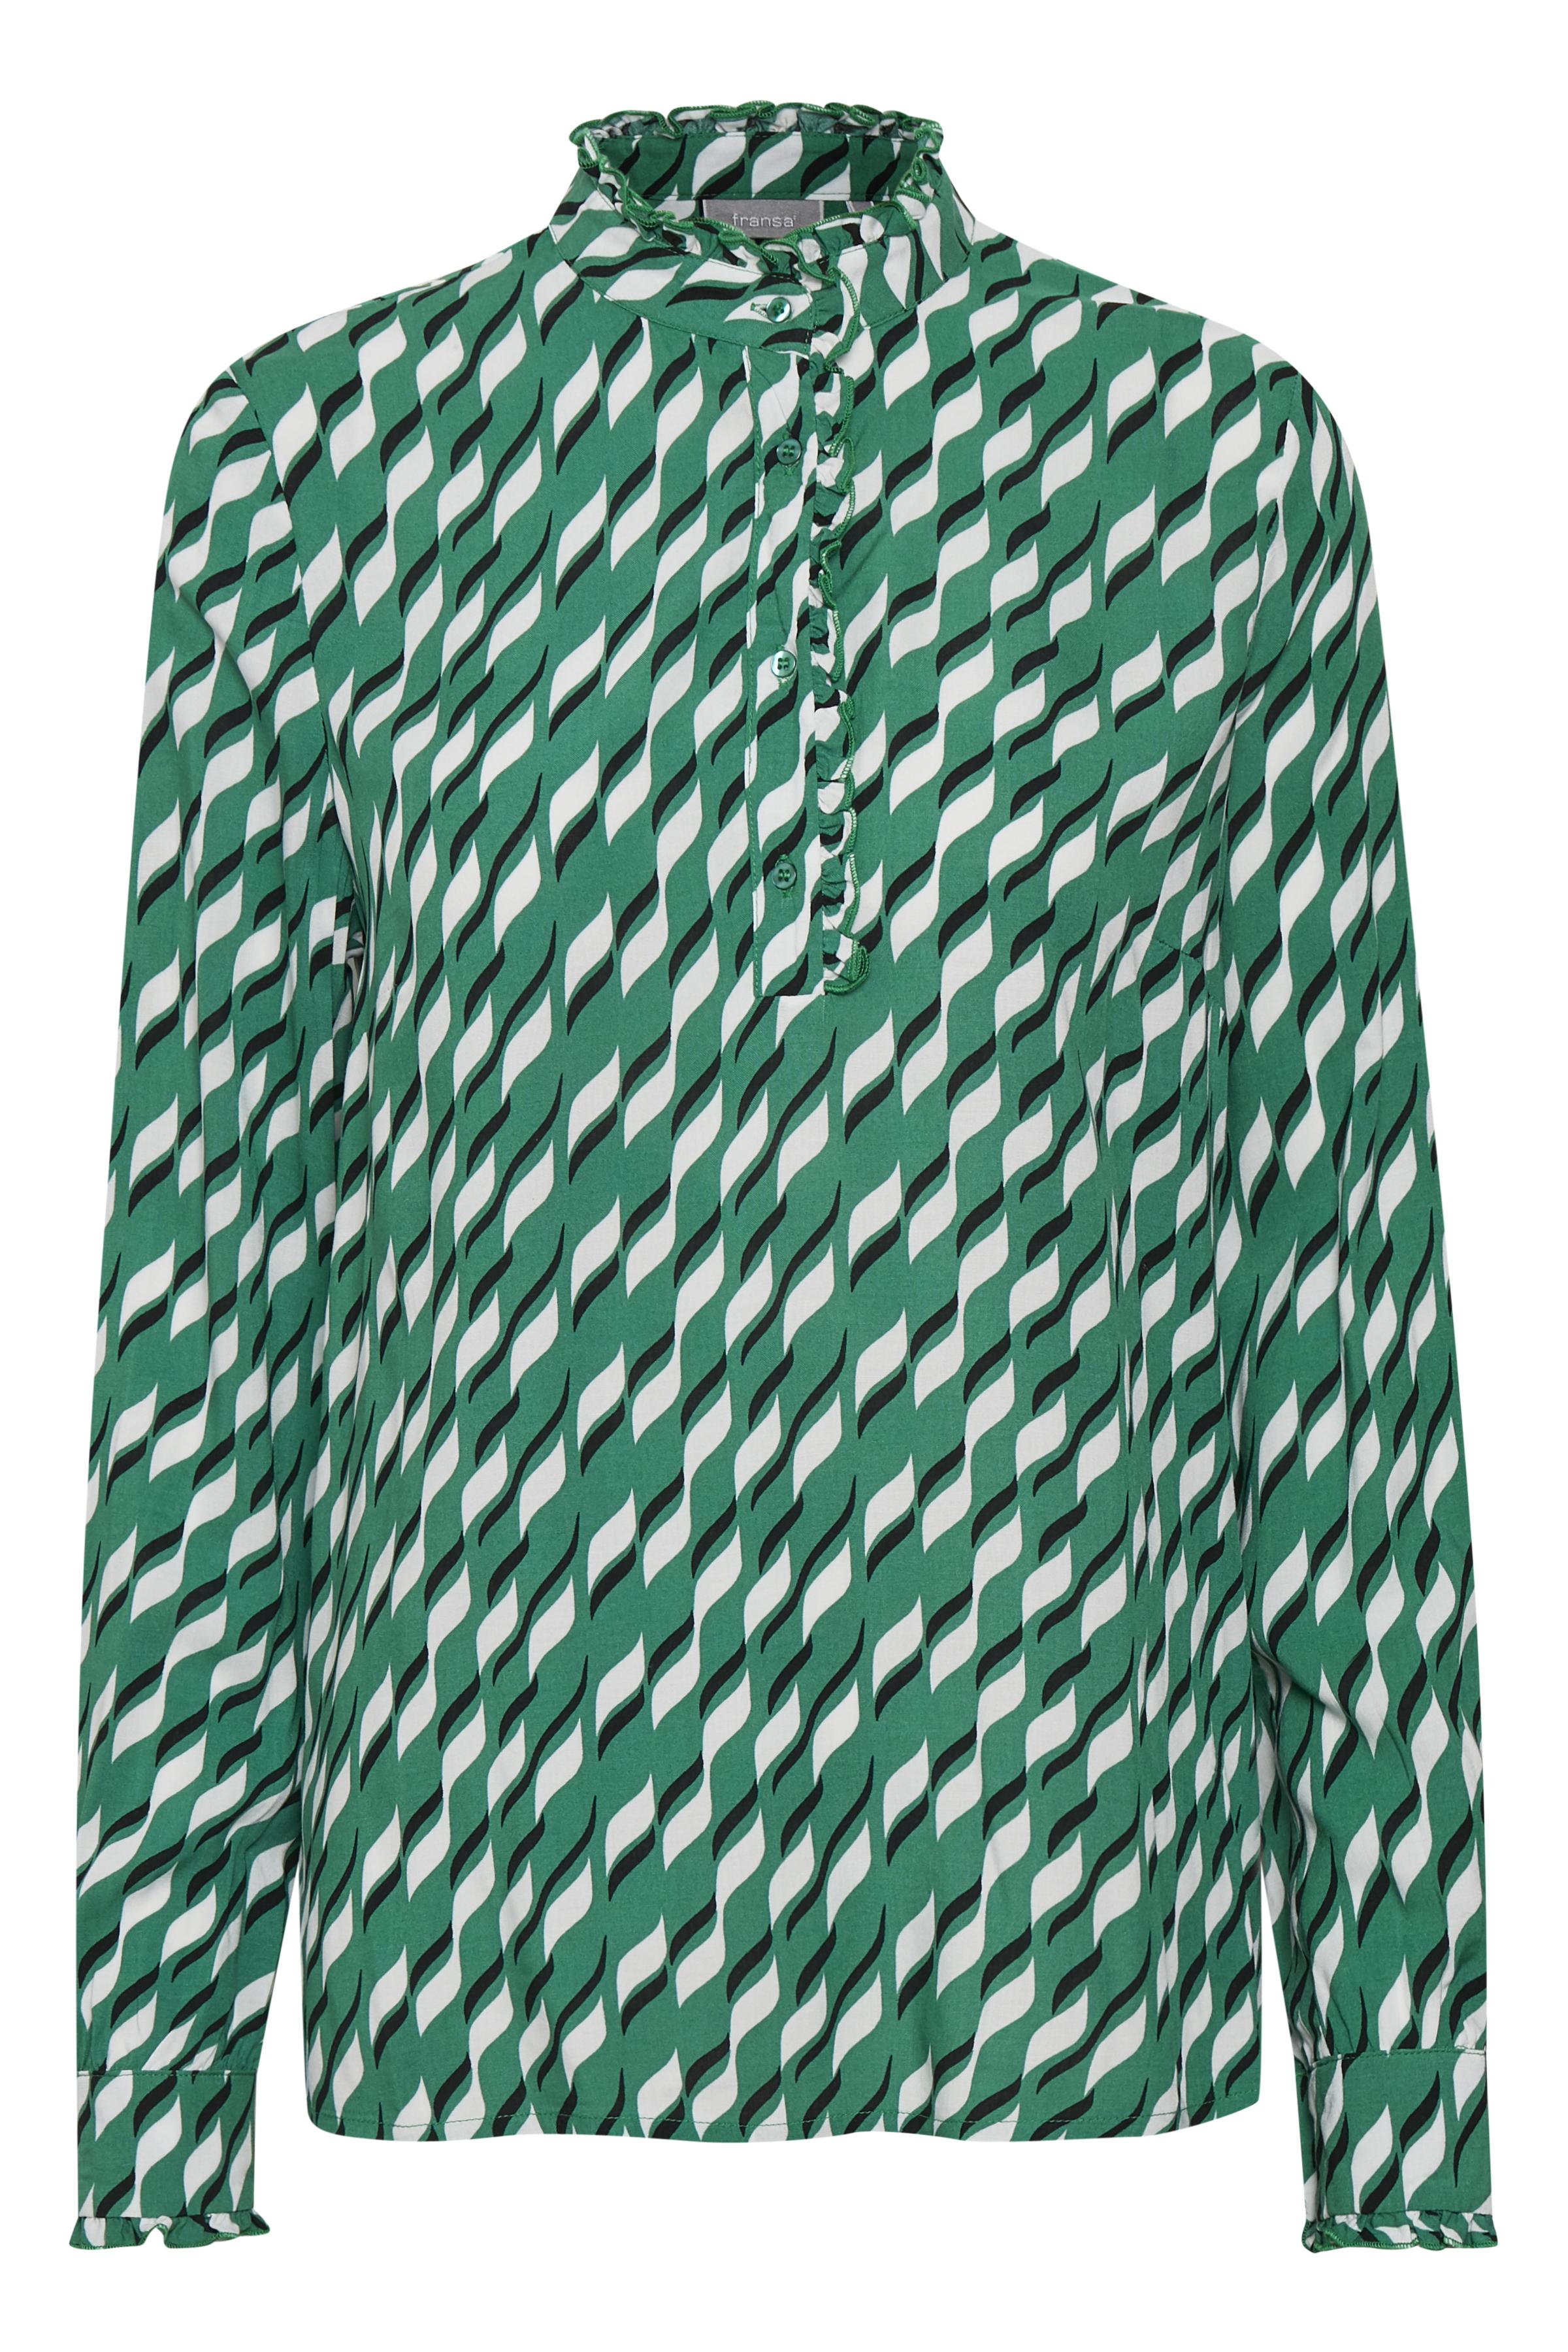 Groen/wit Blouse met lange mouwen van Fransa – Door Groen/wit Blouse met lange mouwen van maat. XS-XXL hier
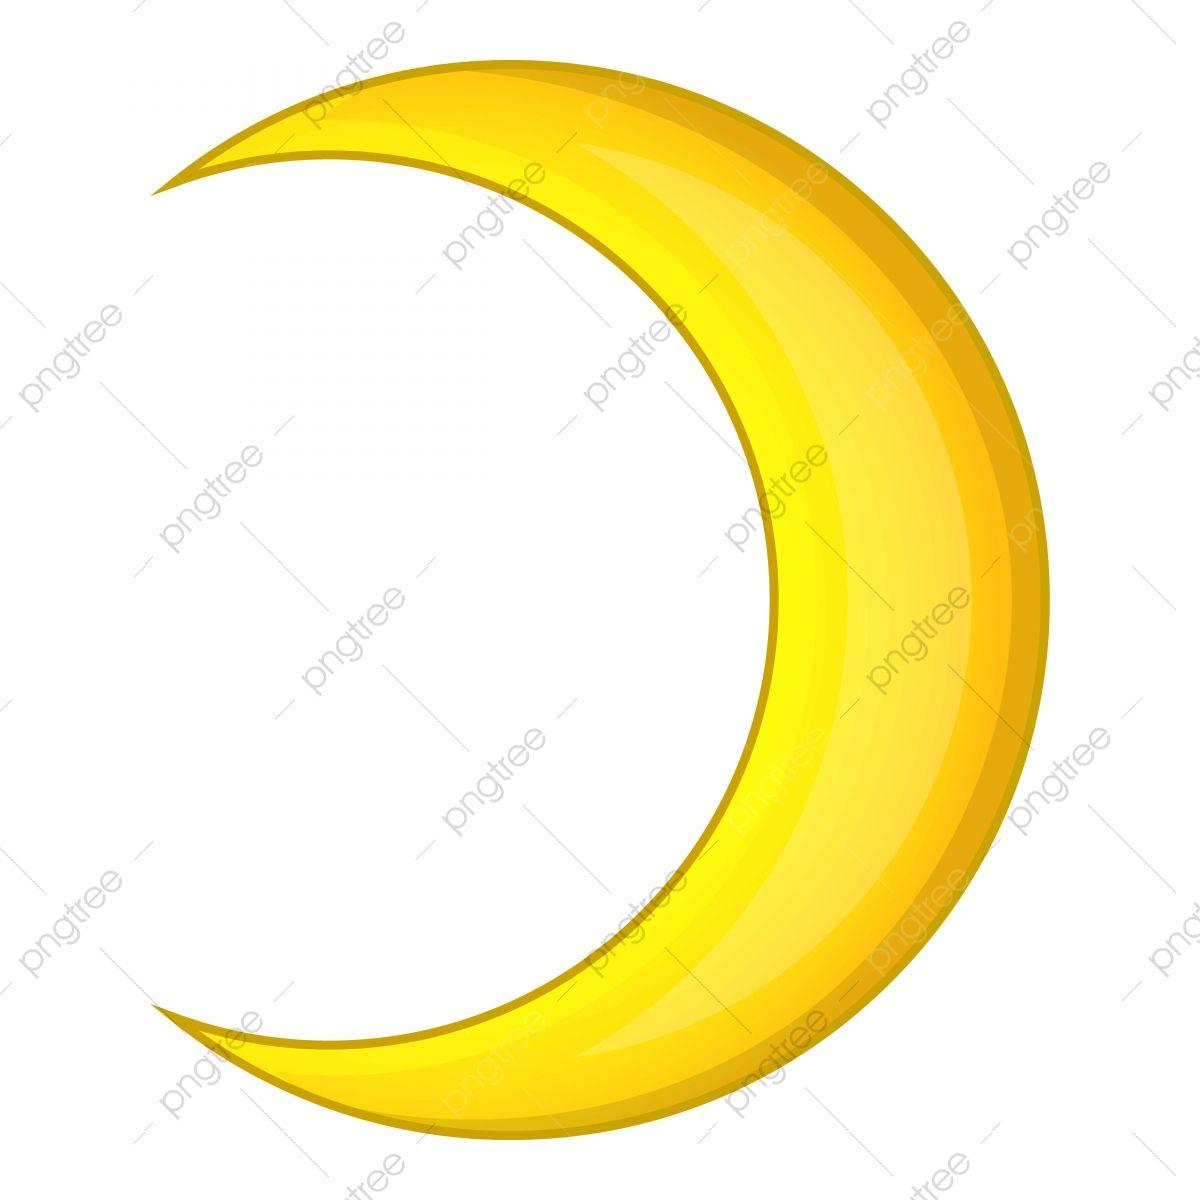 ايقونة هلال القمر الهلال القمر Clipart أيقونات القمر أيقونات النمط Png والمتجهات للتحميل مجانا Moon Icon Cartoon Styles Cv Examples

==

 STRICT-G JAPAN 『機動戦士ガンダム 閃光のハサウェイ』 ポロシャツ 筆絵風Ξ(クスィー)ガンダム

> What this task involves:
Of all the material above, only the lines from the one that has "Groen/wit Blouse met lange mouwen van Fransa" down to the one that has "ايقونة هلال القمر" are to be written out, exactly and with both ends included. Pictures are skipped.

> Task result:
 Groen/wit Blouse met lange mouwen van Fransa – Door Groen/wit Blouse met lange mouwen van maat. XS-XXL hier
 ايقونة هلال القمر الهلال القمر Clipart أيقونات القمر أيقونات النمط Png والمتجهات للتحميل مجانا Moon Icon Cartoon Styles Cv Examples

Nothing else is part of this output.